Volume of 800 kWh at 2.65 times water density = 225 x 2.65 = ~ 600 Wh/L.

800,000/600 1+1/3 m^3, or 1300-1400 litres, approx. only 350-370 US gallons?.

 

[HillCountryFun]

800kWh at ~80% cell mass proportion

I think your pack size is a little small. To achieve their range at their stated efficiency (500 @ 2KWh/mi) and ensure the pack never bricks I suspect the total pack size is more like 1.05 to 1.1 MWh. Also, it's not clear where the pack is installed but assuming it is low on the Semi, it will require quite a bit of volume. Time will tell -

 

[mongo]

I think your pack size is a little small. To achieve their range at their stated efficiency (500 @ 2KWh/mi) and ensure the pack never bricks I suspect the total pack size is more like 1.05 to 1.1 MWh. Also, it's not clear where the pack is installed but assuming it is low on the Semi, it will require quite a bit of volume. Time will tell -

Hi,
The presentation said < 2kWh/mile not =2kWh. From the physics calculations, 1.6 kWh/ mile is potentially achievable.
Pack is directly below the cab floor, Tesla's Twitter feed has a video of component locations.

 

[SO16]

Get an EV for everyday use and rent a Prius for that one trip a year. Your life will be a whole lot better.

Ditto!!!!!

People who deal with a less quality ride for that once in a year “what if” scenario, seems silly. Rent for that one time a year. It’s like people who complain about long fill ups for Tesla for that once in a year road trip but then are fine with being inconvenienced 51 other weeks a year with not being able to fill up at home.

 

[HillCountryFun]

Hi,
The presentation said < 2kWh/mile not =2kWh. From the physics calculations, 1.6 kWh/ mile is potentially achievable.
Pack is directly below the cab floor, Tesla's Twitter feed has a video of component locations.

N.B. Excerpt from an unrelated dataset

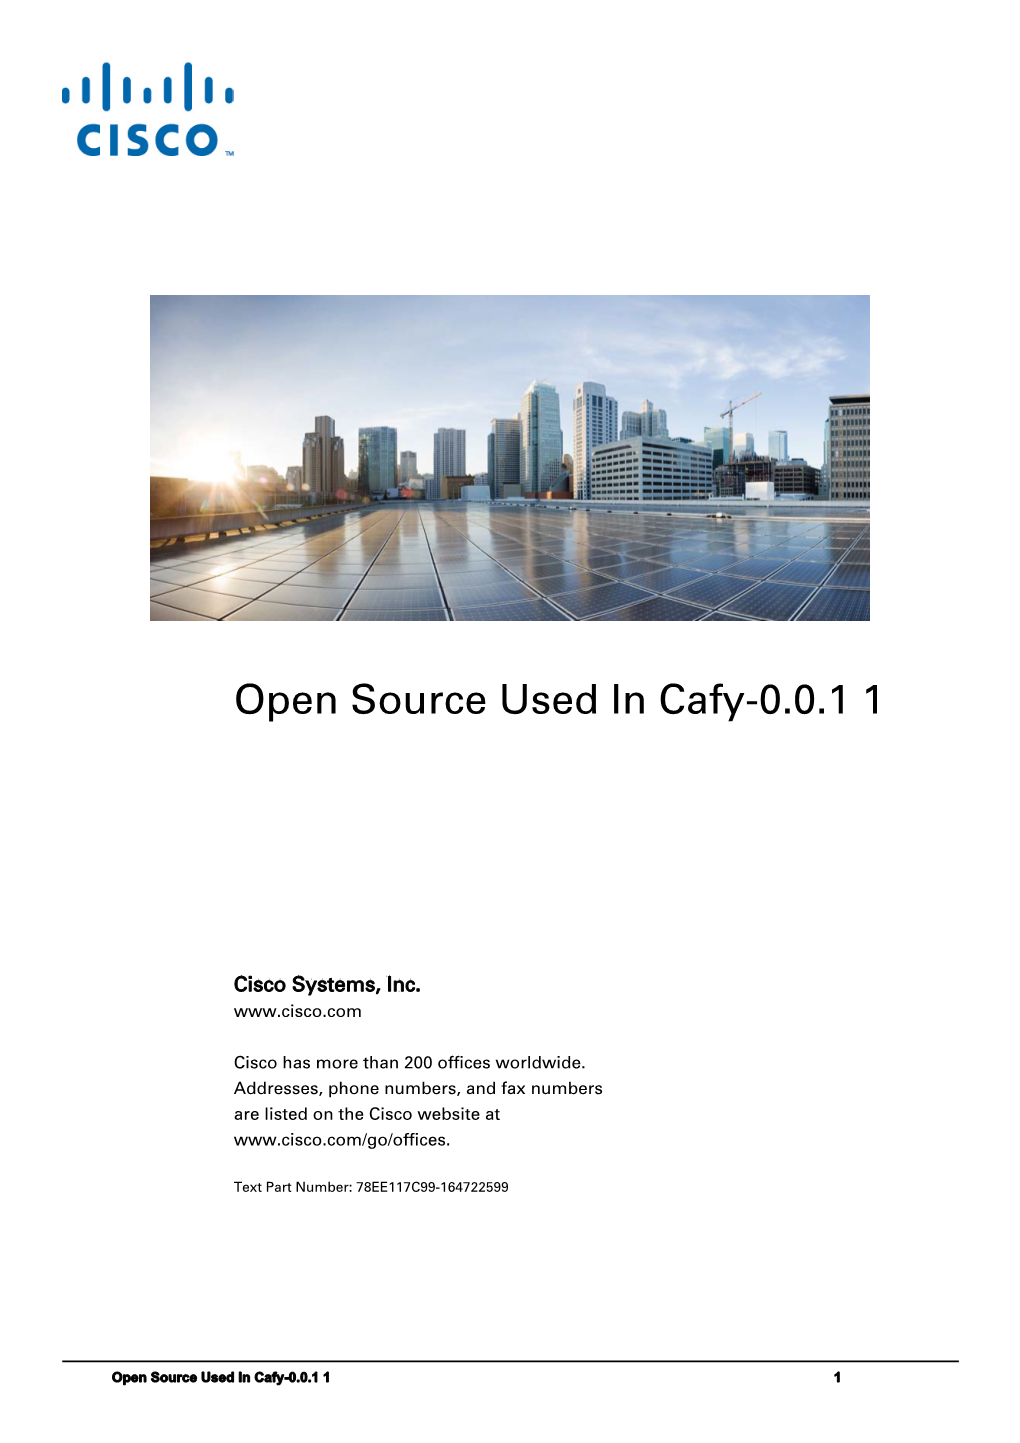 Open Source Used in Cafy-0.0.1 1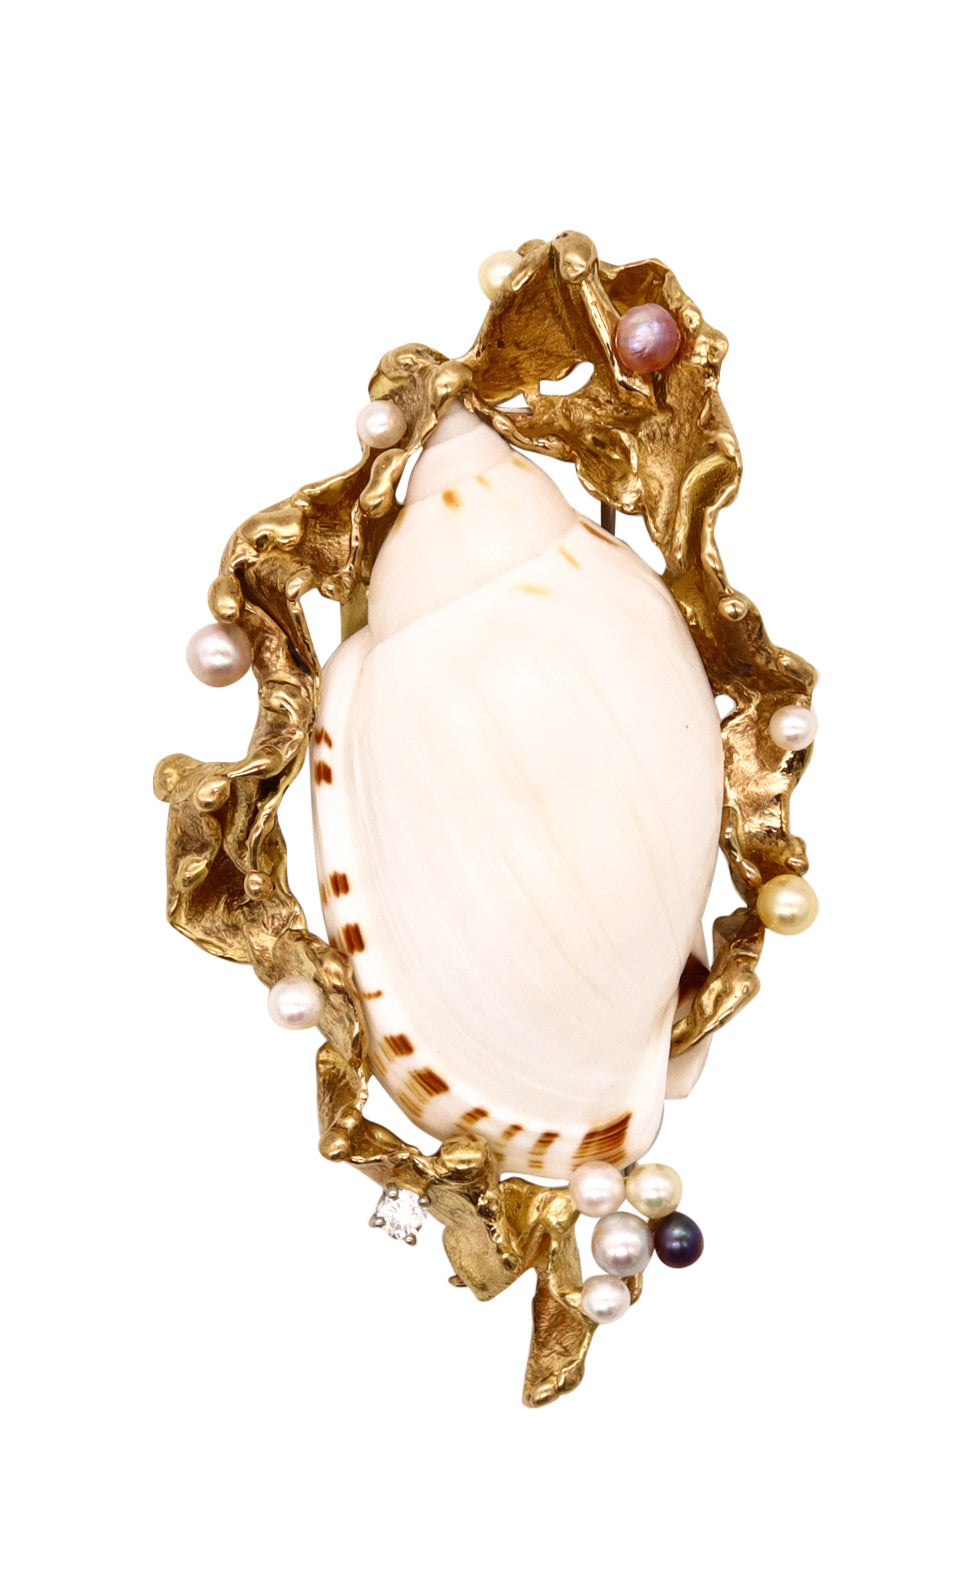 Gilbert Albert 1970 Swiss Modernist Pendant Brooch In 18Kt Yellow Gold With Shell And 12 Natural Pearls

Thanks for the note on the video, that's about the size I was expecting. I'm not sure about your physics calcs so I still think the Semi pack size is closer to 1 MWh.

I think we're going to see a new pack Architecture with the Semi and the new Roadster.

 

[JKolodziejski]

I think your pack size is a little small. To achieve their range at their stated efficiency (500 @ 2KWh/mi) and ensure the pack never bricks I suspect the total pack size is more like 1.05 to 1.1 MWh. Also, it's not clear where the pack is installed but assuming it is low on the Semi, it will require quite a bit of volume. Time will tell -

Daimler E-FUSO Vision One (slightly streamlined, flat face, 11 tonne payload) => 300 kWh / 220 miles = 1.4 kWh/mile.

Daimler unveils heavy-duty all-electric truck concept with ‘up to 220 miles’ range


Cummins AEOS (34 tonnes overall, 75k lbs, Class 7 (drayage?) ) => 140 kWh / 100 miles = 1.4 kWh/ mile.

Besting Tesla's Reveal By Just Days, Cummins Unveils AEOS Electric Semi


BYD Class 8 (Cheap, Chinese-made conventional flat-face truck) => 188 kWh / 94 miles => 2.0 kWh / mile exact.

http://www.byd.com/usa/wp-content/uploads/2016/08/T9-final.pdf


Freightliner Supertruck (65k lbs, most similar use case and possibly similar all-length drag efficiency to the Tesla Semi.)

https://www.trucks.com/2015/06/25/freightliner-supertruck-is-super-efficient/

=> 48-52% thermal efficiency, 12.2 US-mpg, => 3.22 miles / L or per 10.8 kWh(th) @ 0.48 to 0.52 = > ~ 3.22 miles / 5.2-5.6 kWh mech.
=> (5.2 to 5.6) kWh / 3.22 miles = 1.61 to 1.73 kWh / mile after engine.

... and a 92% efficient battery power equivalent to "48-52% efficient 12.2 US-mpg Freightliner Supertruck" = 1.61 to 1.73 / 0.92 = 1.75 to 1.88 kWh / mile.


And this.

Tesla Semi is reasonable, part 1 | Selenian Boondocks

"<2 kWh" was stated for a reason.

1.5 to 1.7 kWh per mile at 56-65 mph is realistic.

 

[Brando]

I think what you are saying is that the maximum gross vehicle weight is 80,000 pounds, and that includes the tractor and its engine + fuel or motor + battery pack. Put swap out the diesel stuff for motor and batteries, and the difference in weight has to come out of the cargo.

Perhaps so, but is it really that significant a loss in net cargo, compared to the net improvement in operating efficiency?

I suspect many cargo trips are not at maximum 80,000 lbs. weight but are limited by volume.